At Airbnb we append the operation name to the URL for the GraphQL requests for easier debugging and tracing. I wonder if this spec can include an example or implementation of such solutions:

I think it would be unwise to recommend that people do this based solely on the operation name (the risk of clashes as they iterate their queries is too high); however I would support the name being factored into the document identifier along with some hashing; e.g. something like: createHash('sha256').update(documentSource).digest('hex').substring(0, 12) + '_' + operationName. The operationName query parameter is already specified; perhaps we should add a non-normative note recommending that clients include it to aid in debugging?

dotansimha · 2023-10-10T13:32:08Z

spec/Appendix A -- Persisted Documents.md

+identification methods by ensuring that the prefix starts `x-`; otherwise, all
+prefixes are reserved for reasons of future expansion.
+
+### SHA256 Hex Document Identifier


I wonder if actual encryption is needed? what's the benefit of having sha256 over any other opaque string? 🤔
We can allow users how to encode/map their persisted documents, and then do matching based on that value?

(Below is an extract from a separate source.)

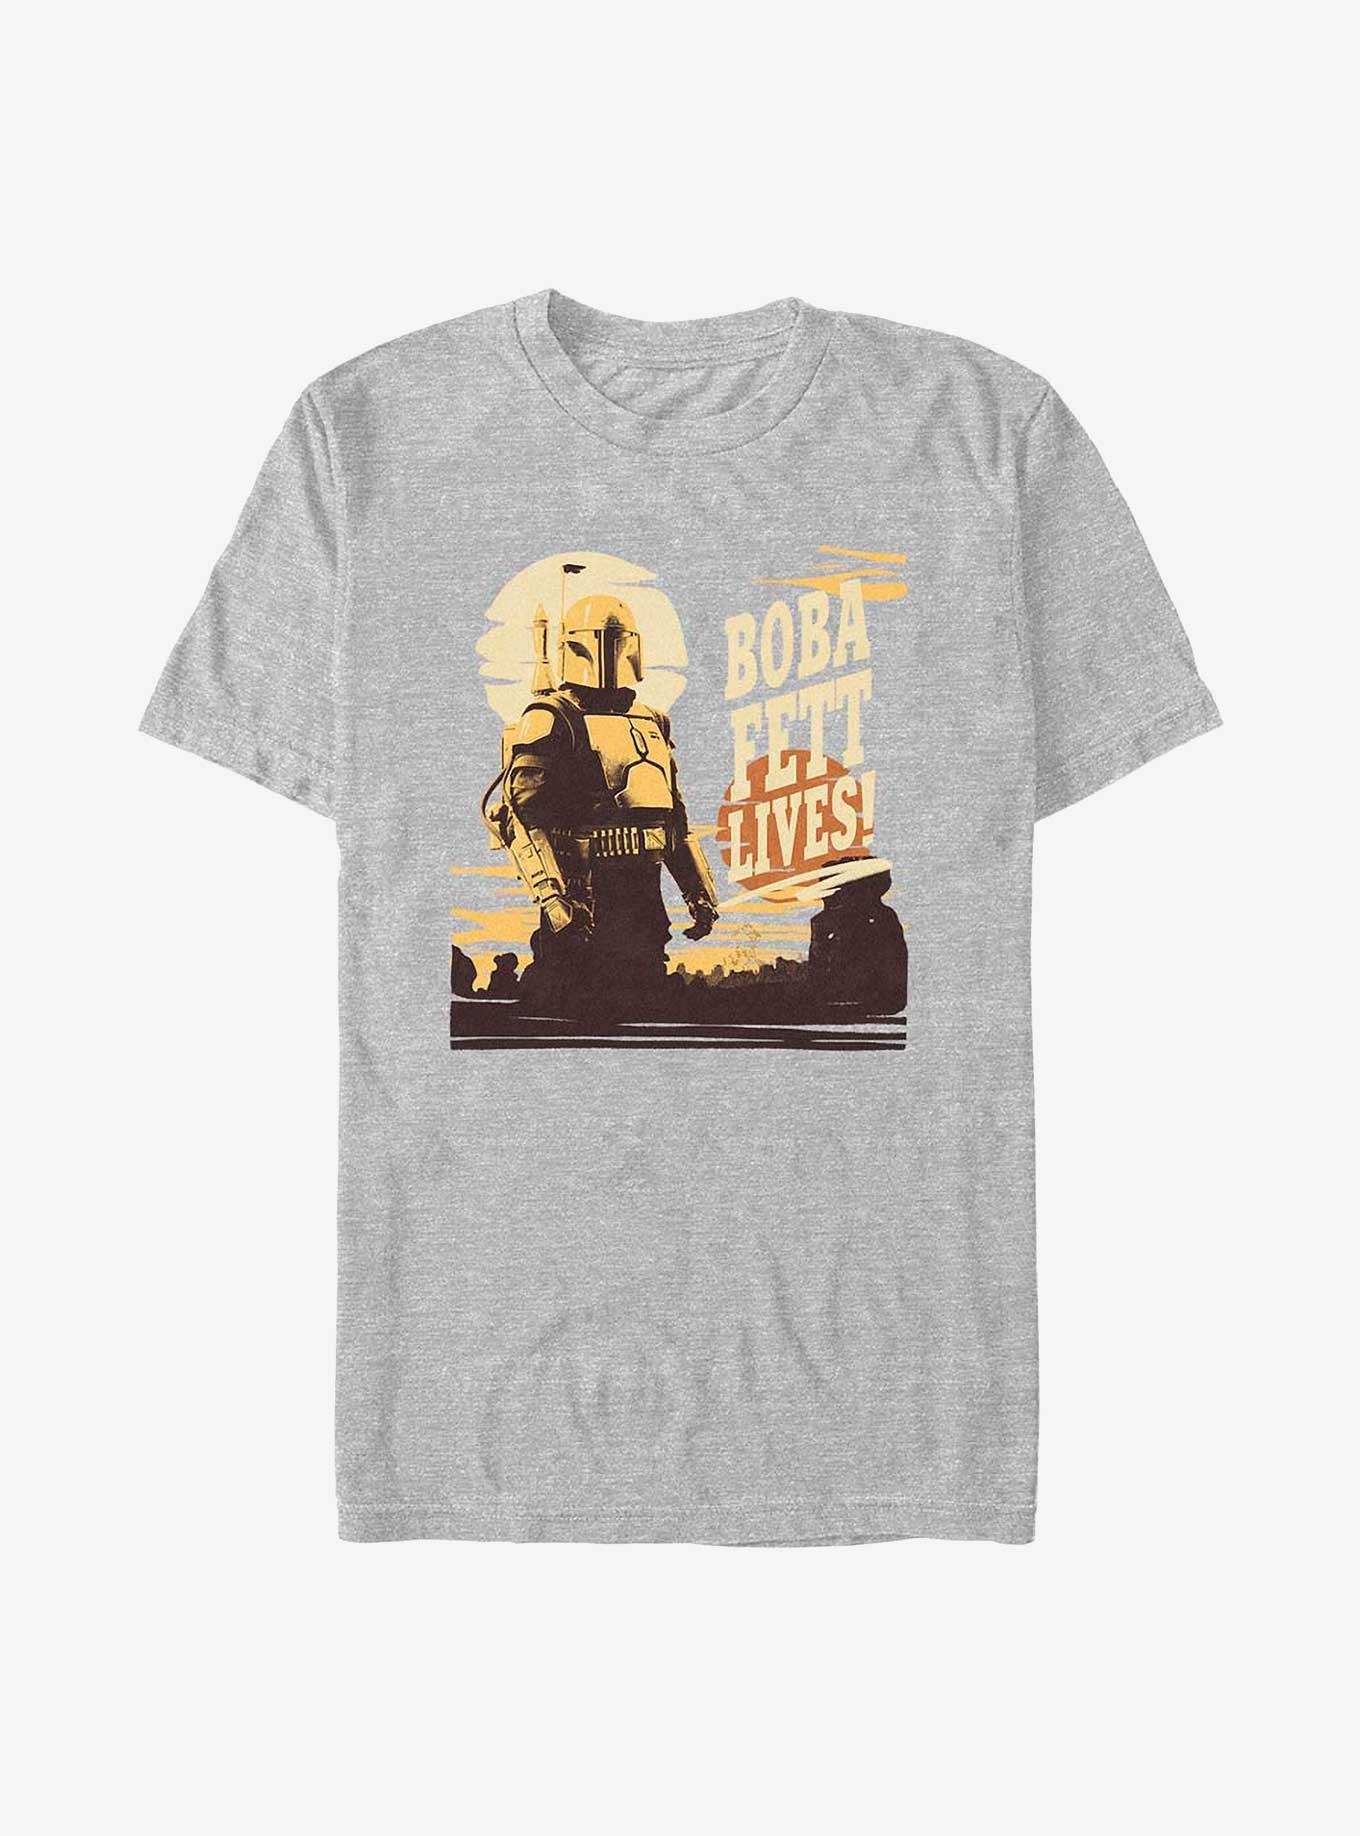 Star Wars The Book Of Boba Fett Lives T-Shirt
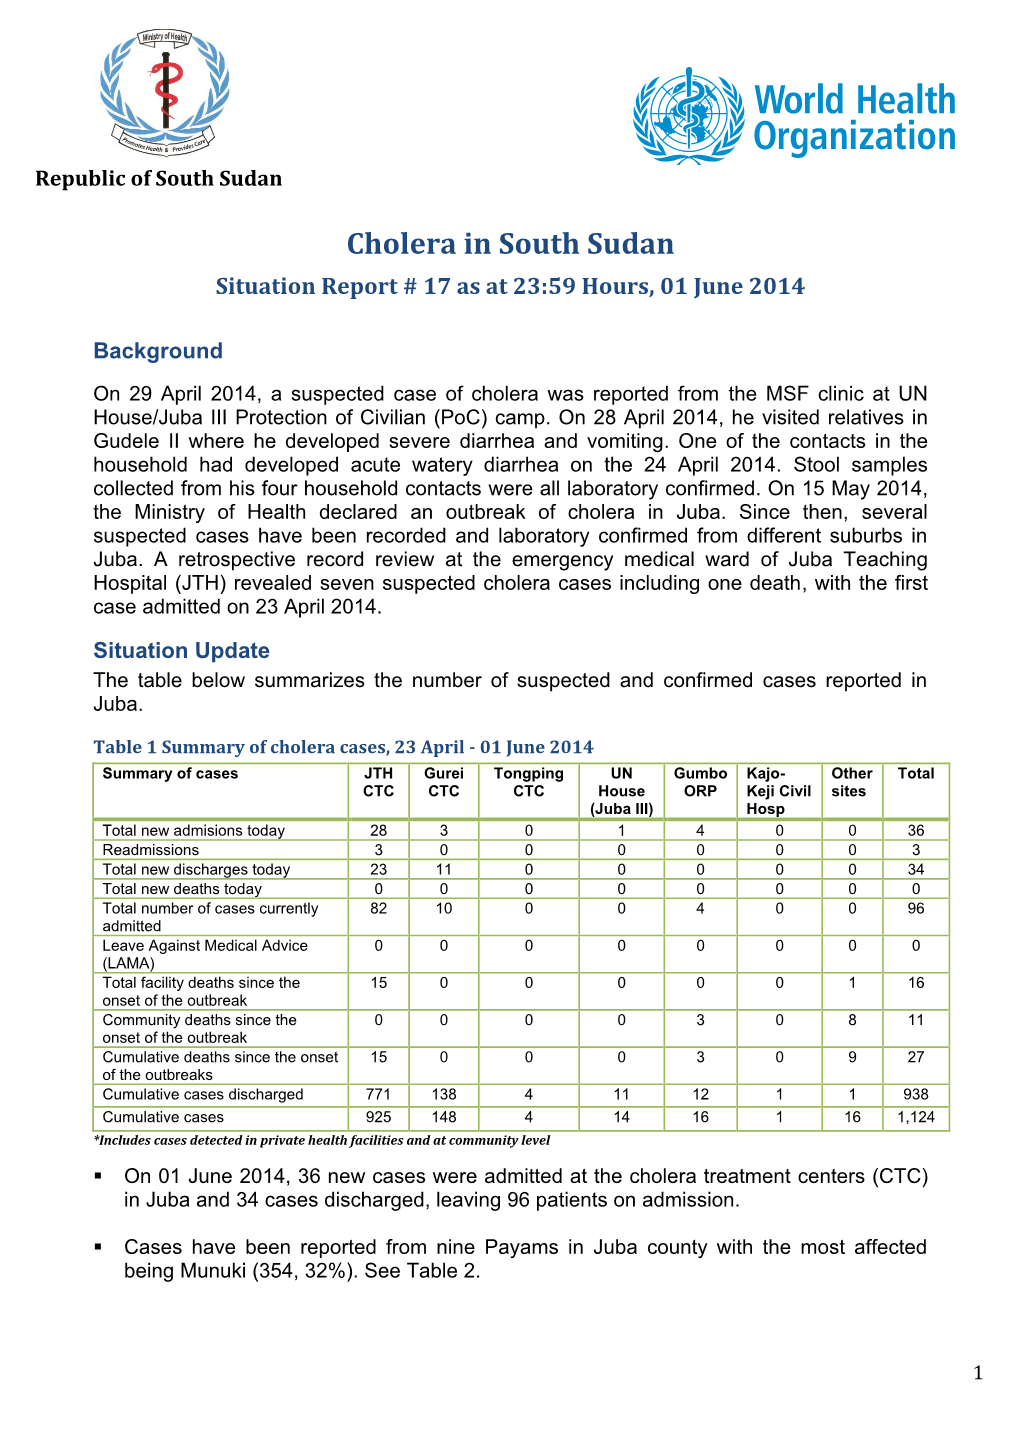 Cholera in South Sudan Situation Report # 17 As at 23:59 Hours, 01 June 2014

The aim of a specification like this is interoperability; so a client that supports persisted operations should be able to use a server that supports persisted operations without too much additional setup. Sharing details of the document identification method used out-of-band is supported (explicitly by x- prefix, or by custom identifiers); but for maximum compatibility there should be a shared baseline in my opinion.

I expect that the benefit is mainly for APQ support, where a client can enable APQ without knowledge of the server implementation, and so a consistent implementation is essential. SHA256 can be computed natively by modern browsers with a very low collision rate, making it a good choice in this scenario.

However, in a scenario where the identifiers are only known to the server, and must be registered with the server in order for the client to operate (as so far is documented in this RFC), they might as well be any opaque key returned by the query storage database. If the database stores the queries with an auto-incrementing integer as an identifier, that would work just as well.

Even so, there are still some benefits to using a hash:

Should the query storage mechanism change, the identifiers will remain constant (but the same would be true of a GUID)

Inherit deduplication for stored queries

Enhanced security, as attackers can't easily guess valid identifiers, reducing the risk of unauthorized query execution

I'm fine with the current suggestion of sha256: but allowing for x-id: and similar.

I see, thank you @Shane32 @benjie .
My point is not about the prefix or the method but for the need for encryption? a user can decide to use operation-1 as the key (instead of an actual computed hash), and the result will be the same 🤔 🤔 🤔

@dotansimha Indeed, that's already allowed under this spec. The issue is it requires coordination between server and client (they need to agree on how operation-1 is derived). For maximum compatibility, if both server and client already know how to identify operations (e.g. standardized SHA256 hash) then all that's left is to transfer the docs from client to server, which can happen after the client has been built, rather than before or during, and no configuration is required on server or client easing adoption for everyone and encouraging more people to use an operation allowlist.

Oh, right, but the queries still need to be transferred to the server is what you're saying. Yes, that's true, but it can be done after the client is built (but before it's deployed). That's different from having to do it during the build process; it means that clients can be built and persisted documents written even before the server exists. It also allows for arbitrary transfer of documents to the server (you can send them one-way on a pen drive through the mail if you want!).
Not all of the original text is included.